▶ TASK DESCRIPTION
The reply should hold nothing except the lines from the one with "We fix it right the very first time." through the end of the entries, duplicated exactly and with no pictures.
** Opening MATERIAL PROVIDED block **
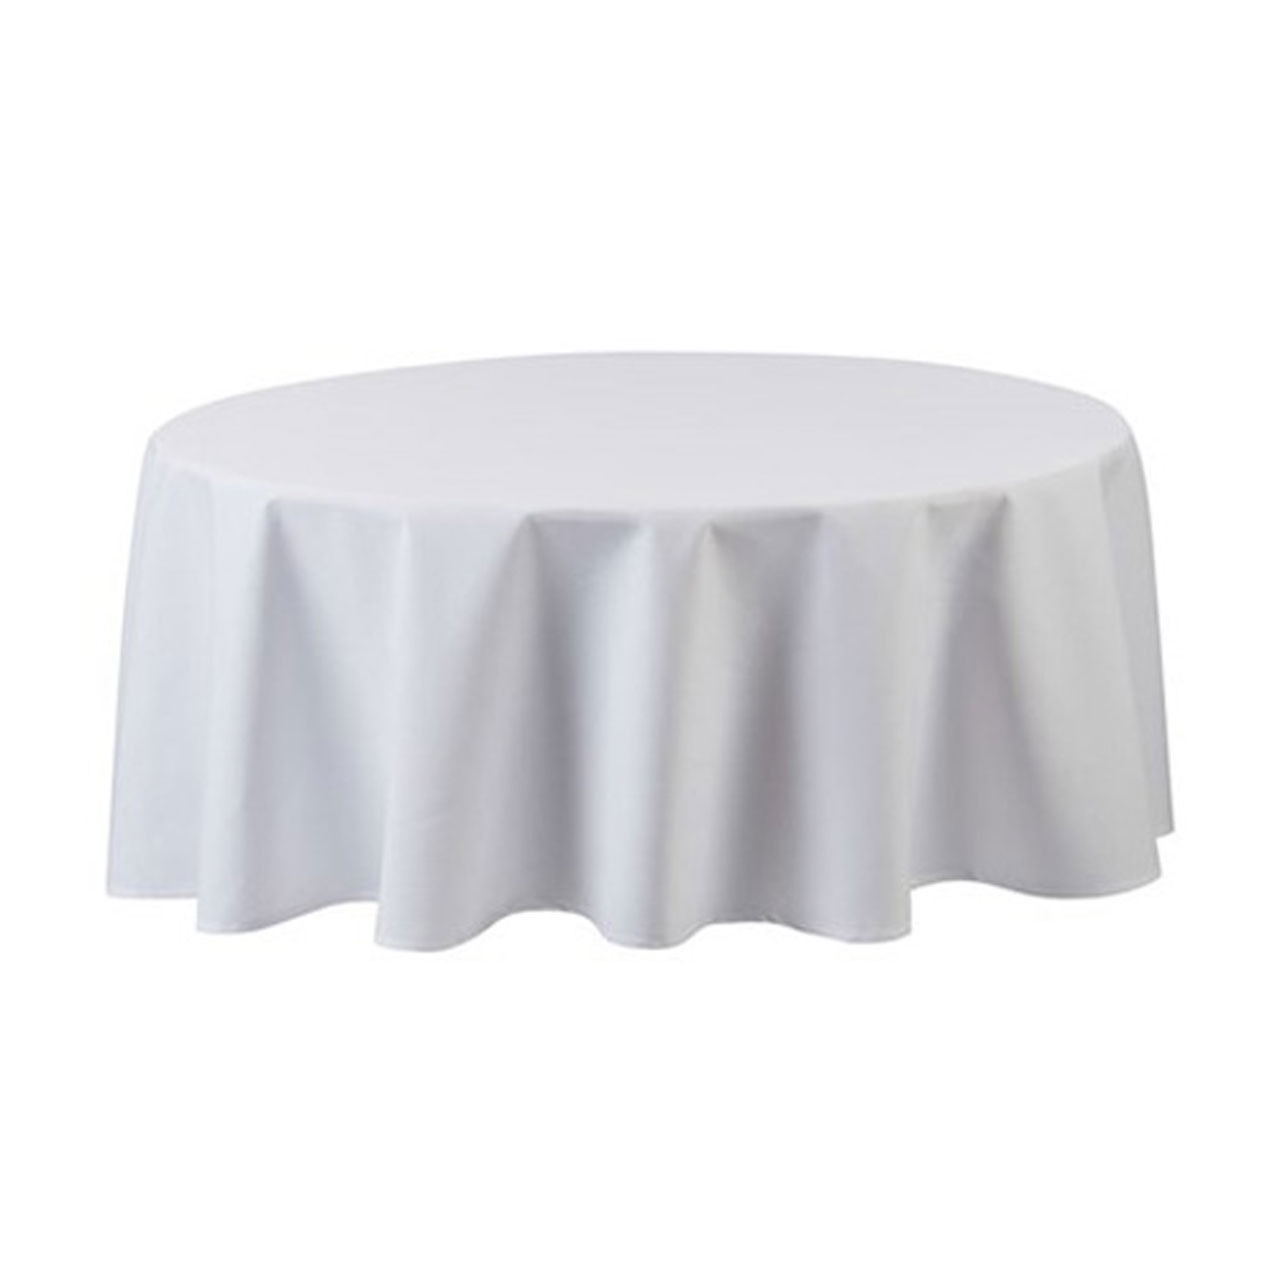 Can you specify the color and weight of the 90 round tablecloth in white?
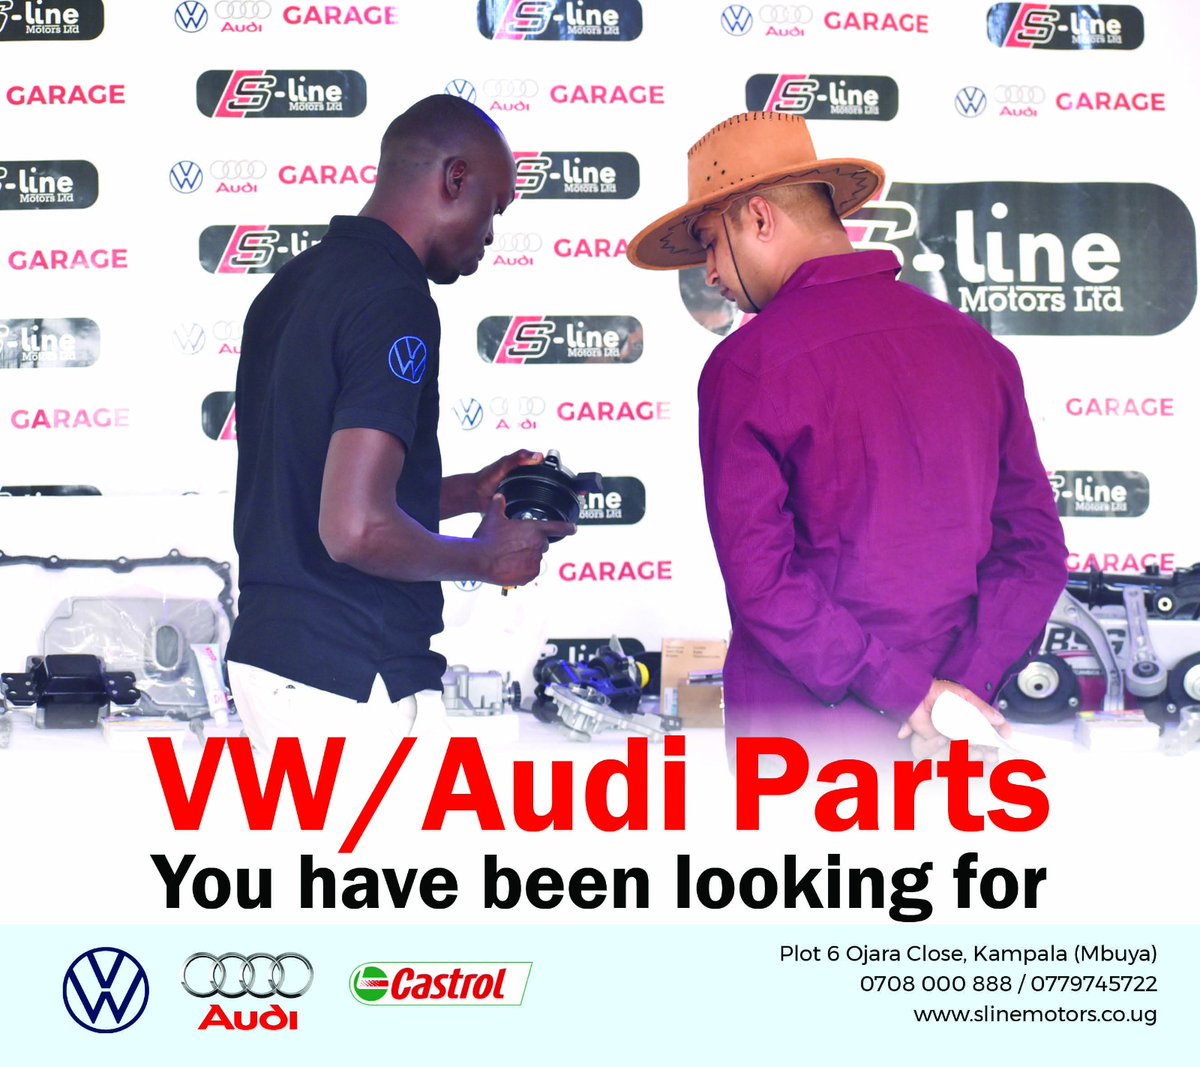 What's that VW or Audi spare part that you have failed to find? Call 0708000888/779745722 today. 
Your spare part is just a call away!
We fix it right the very first time.
#VolkswagenKampala
#AudiKampala
#VWGarage
#AudiGarage
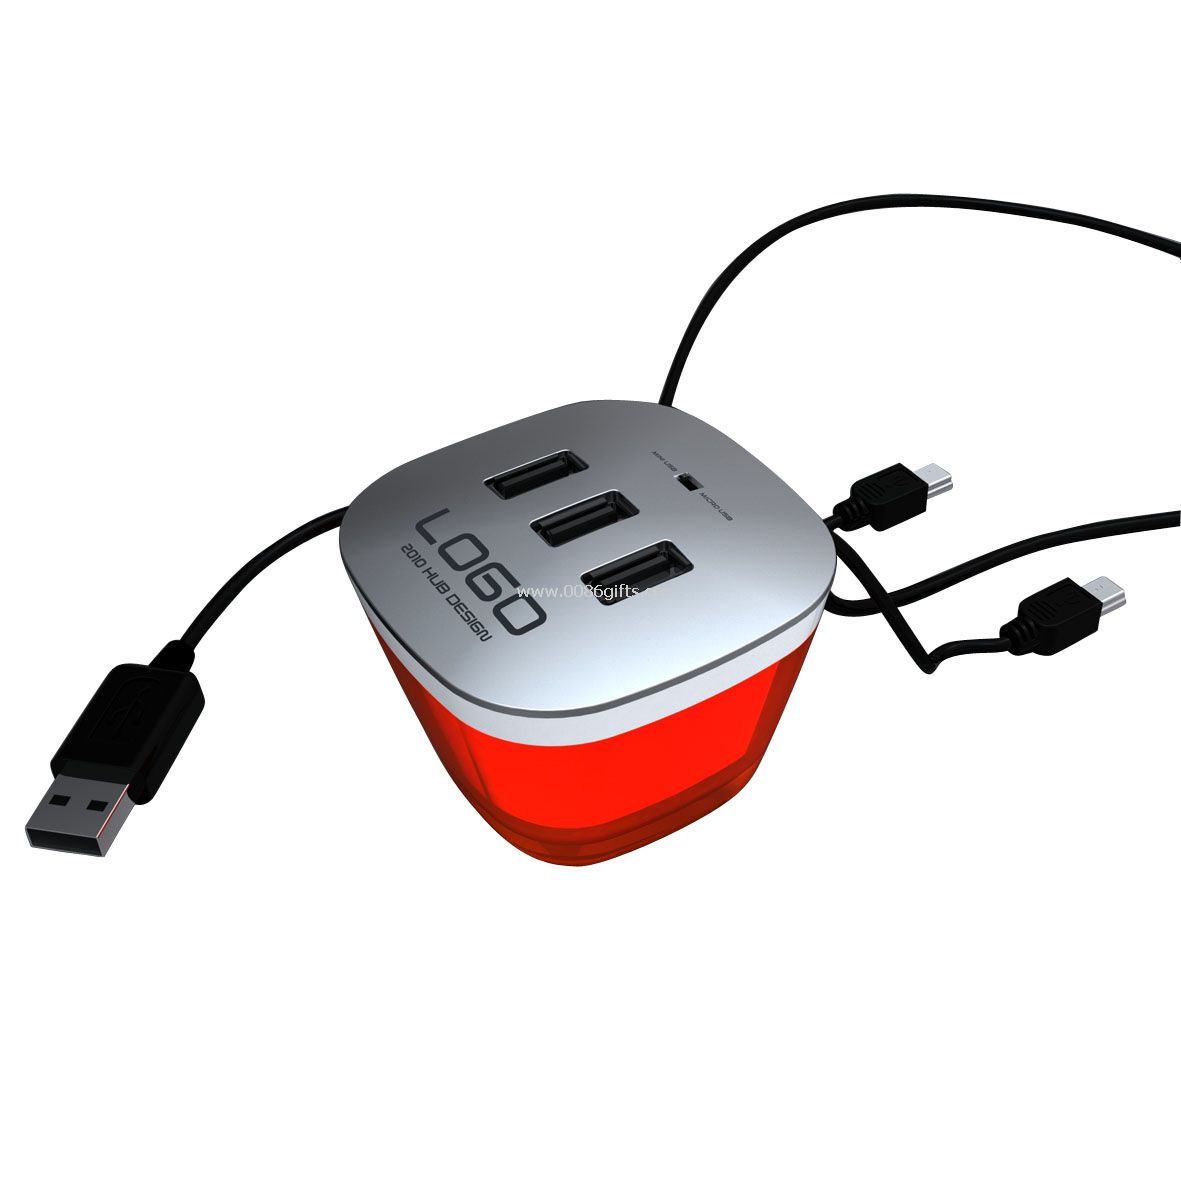 USB hub with mobile phone charger
** Closing MATERIAL PROVIDED block **
▶ OUTPUT
We fix it right the very first time.
#VolkswagenKampala
#AudiKampala
#VWGarage
#AudiGarage
 USB hub with mobile phone charger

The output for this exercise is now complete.